If your node for control plane is in multiple subnets (for example you may have installed a tailscale tailnet), when initializing the Kubernetes master with kubeadm init, you can specify the IP address that the API server will advertise with the --apiserver-advertise-address flag. This IP address should be accessible to all nodes in your cluster.

(Optional) Choose alternative node network proxy provider

Node proxy provider like kube-proxy is a network proxy that runs on each node in your cluster, maintaining network rules on nodes to allow network communication to your Pods from network sessions inside or outside of your cluster.

By default kubeadm choose kube-proxy as the node proxy that runs on each node in your cluster.

Container Network Interface (CNI) plugins like cilium offer a complete replacement for kube-proxy.

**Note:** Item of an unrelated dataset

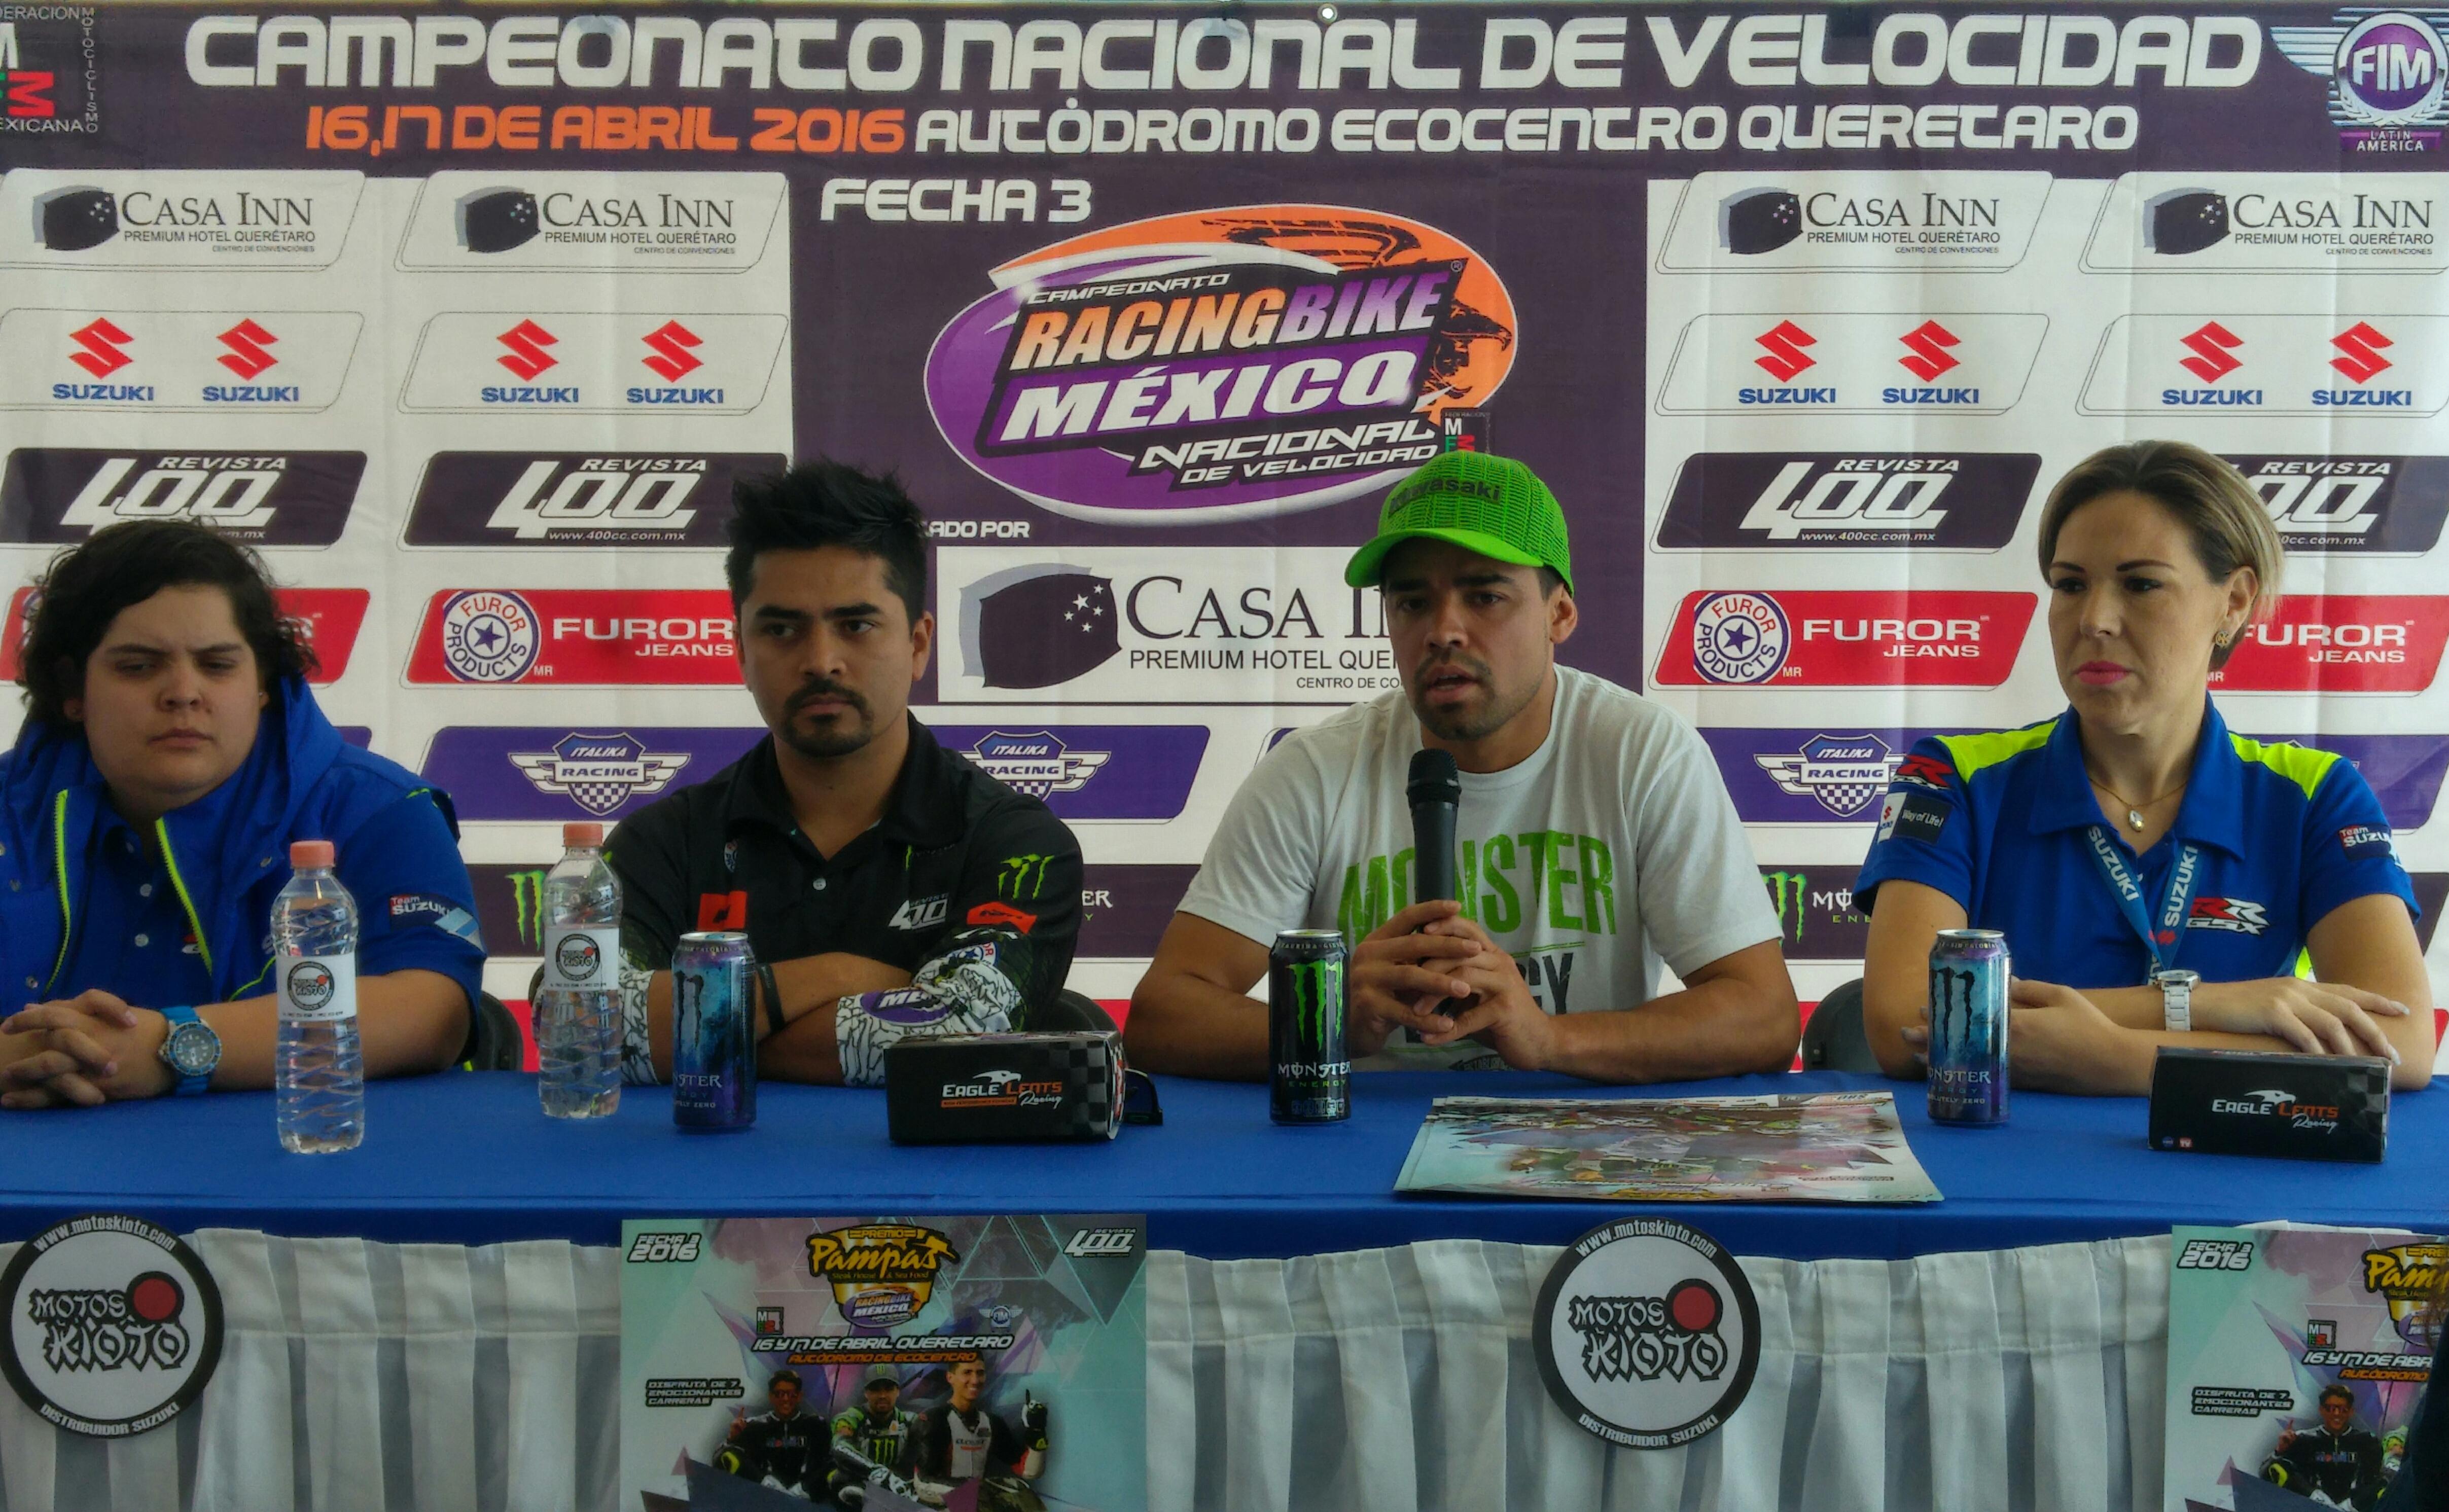 Este domingo tercera fecha de Racing Bike Campeonato de velocidad en Querétaro

If you want to use cilium's implementation of node network proxy to fully leverage cilium's network policy feature, you should pass flag --skip-phases=addon/kube-proxy to kubeadm init to skip the install of kube-proxy.

Cilium will install a full replacement during its installation. See this[4] for details.

Create cluster

Before creating a new kubernetes cluster with kubeadm start and enable kubelet.service.

Note: kubelet.service will fail (but restart) until configuration for it is present.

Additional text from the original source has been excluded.